An image map in HTML is basically a way of marking areas on an image so that one can determine their "clickable" coordinates (or areas of entry with a mouse). To make an image map, one uses software to draw shapes on an image, and output some HTML code that defines a "map" of the image with coordinates for area elements (where the shape you drew is an area). It's an old technology, available from the early days of the worldwide web, and it was designed to make it possible to click on an area and be taken to a link (which is why area elements have an @href attribute. You can click on an image to make it link out somewhere else or to some location on your webpage. And you can link from elsewhere on your page into the image. But because an area is literally defined only by coordinate information and isn't literally drawn the way SVG is, you can't simply grab an area element in an image map with CSS and alter its appearance, because areas don't have appearance properties. What you can do is add a "tooltip" with a simple @title attribute so that you get a little information about an area in a tiny pop-up box when your mouse touches that area. I've now managed to link into an image map from a variant we coded in Dickinson's poem, and produce a little tooltip on mousehover over the image. See https://github.com/ebeshero/EmilyDickinson16/blob/master/imageMappingExamp.html and
744525c (working from my old code for the project just to see how things work).
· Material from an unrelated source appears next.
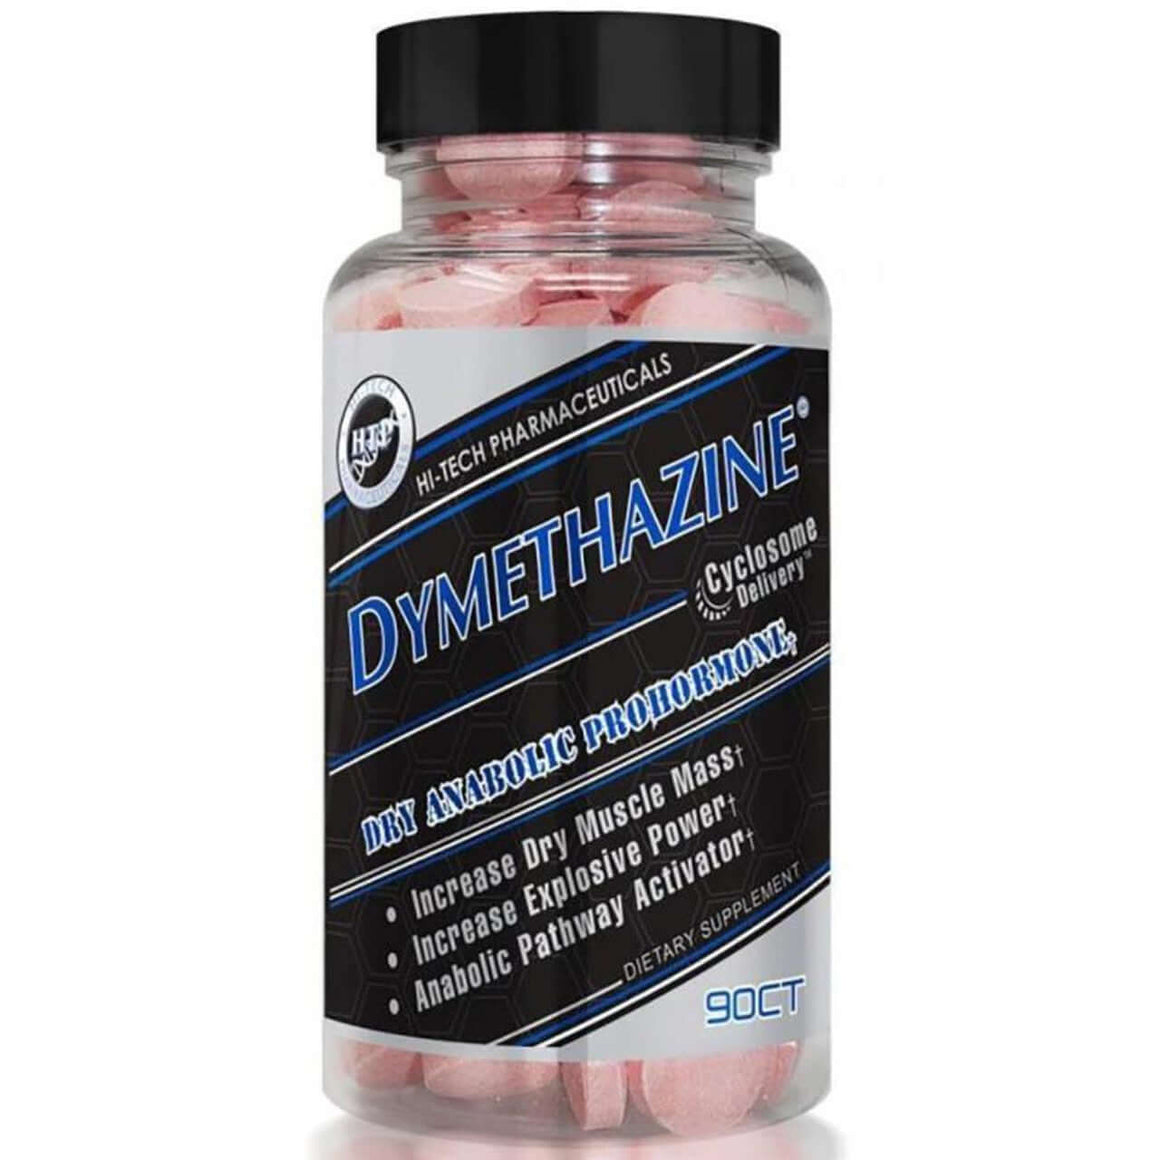 Hi-Tech Dymethazine Description Hi-Tech Pharmaceuticals Dymethazine 90 Tablets | Our Most Powerful Cutting Prohormone If you're looking for the newest & hottest Prohormone supplement on the market, look no further!! Hi-Tech Pharmaceuticals' Dymethazine is

And yet, people produce highlighted image maps, using CSS, JavaScript, or some combination of the two. Here are some different approaches I've found:

  1. Make multiple images and combine them:
  1. Another approach with JavaScript involves using HTML block-level elements (like list elements: <ul> and <li>). Make a distinct image of the variant text you isolated in the image map, and write CSS to give an <li> element a background image, and to enter coordinates (like how coordinates are used in the CSS sprite example above) so the <li> is literally positioned just over the point in the mapped image where you drew its area. Use JavaScript to show/hide the block-level element. A thought I had about this approach with HTML block-level elements is it could be pretty versatile if we created small "snips" of variant images and made them appear where we like, perhaps somewhere else on the page besides superimposed over the poem.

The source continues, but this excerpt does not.